Bunların dışında da kitaplara girip şefler tarafından da uygulanan birçok farklı pişirme metodu mevcut tabii ki. Nasıl pişirirseniz pişirin, balığı mutlaka roka ve kırmızı soğan ile servis edin.
Fırında lüfer
Şüphesiz kömür ateşinde ızgaralanmış lüferin yerini hiçbir şey tutmaz. Ancak hızlıca evinizde hazırlayabileceğiniz bu tarif de hem sunumu hem lezzetiyle sofranızı süslemeye yetecek.
Malzemeler:
3 adet orta boy patates
1 adet orta boy havuç
1 adet orta boy kırmızı soğan, julyen kesilecek
5 diş sarımsak
15 gr taze kekik (yarısı ayıklanıp doğranacak, yarısı dallarıyla sebzelerin üzerine konulacak)
50 gr kalamata zeytin, çekirdekleri çıkarılmış
2 bütün lüfer
1 limon (1 parmak kalınlığında kesilecek)
4 adet defne yaprağı
Yarım demet maydanoz
15 gr tereyağ, dolaptan çıkarıldığında soğukken mini küpler şeklinde doğranacak
4 yemek kaşığı zeytinyağ
1 çay kaşığı kırmızı pul biber
Tuz
Karabiber
Yapılışı:
Balıkları bütün olarak ayıklatın. İyice yıkadığınız balıkları kağıt havlu yardımı ile kurulayın. Üzerlerine çift taraflı ve balığı 3 eşit parçaya bölecek şekilde verev kesikler atın.
Zeytinyağı, tuz ve karabiber ile balığın içlerini ve dışlarını lezzetlendirin. Fırını 180 derecede ısıtın. Bu arada, patateslerinizi yıkayıp soyduktan sonra ince eşit halkalar şeklinde doğrayın. Eğer patatesler kalın olursa veya eşit olmazlarsa, balığınız pişene kadar patatesleriniz pişmeyecektir. Aynı şekilde havuçları da doğrayın.
Soğanları julienne şeklinde doğrayın ve beş diş sarımsağın iki dişini sadece üzerine vurup kırdıktan sonra bütün olarak, geri kalanlarını da ince ince doğrayıp soğan ve tüm diğer sebzeleriniz ile karıştırın En son derin bir kasede bütün malzemeleri iyice karıştırıp pişireceğiniz fırın kabının altına yayın. Üzerine balıkları yerleştirin ve önceden ısıtılmış 180 derece fırında 20-25 dak. pişirin. (Süre balığın büyüklüğü, fırının performansı gibi bazı etkenler ile değişebilir. Bıçakla çok hafif kesiklerden bakılarak pişip pişmediğine karar verebilirsiniz.)
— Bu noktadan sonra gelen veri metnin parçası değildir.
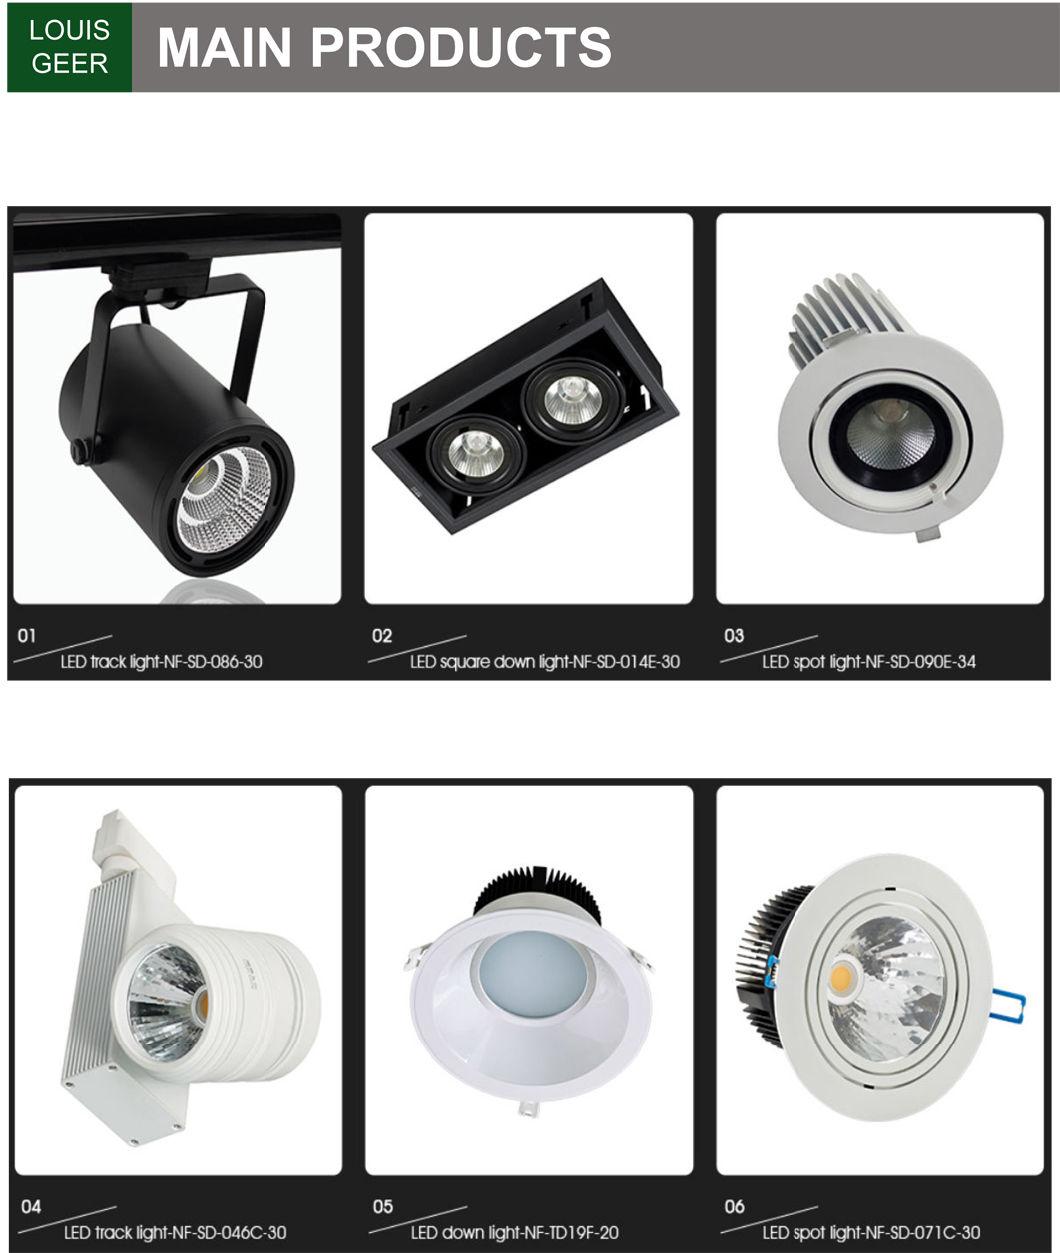 30W Aluminum Round and Square White Fixed Recessed Ceiling Spotlight Mini LED Downlight Energy Saving Lamp

İstanbul sofralarının vazgeçilmezi
Karadenizli balık aşığı bir ailenin kızı olmasına rağmen, balıkla yıldızı bir türlü barışmayan annem sebebiyle, bizim evde pişmeyen tek şey balıktı diyebilirim. Ancak balığa hasret büyüdüm sanmayın. Zira sık sık çok iyi balık restoranlarına gidip, mevsimin tazesi neyse getirtilirdi sofraya... O yıllardan beri balık pişirmek ve balıkla uğraşmak bir seremoni gibi benim için. Lüfer, palamut, uskumru, tekir, izmarit ve istavrit... Her birinin yeri ayrı gönlümde... Ha, pek tabii herkesin gönlüne taht kurmuş, mevsiminde yendiğinde lezzetiyle favorim olan kalkan balığı var bir de!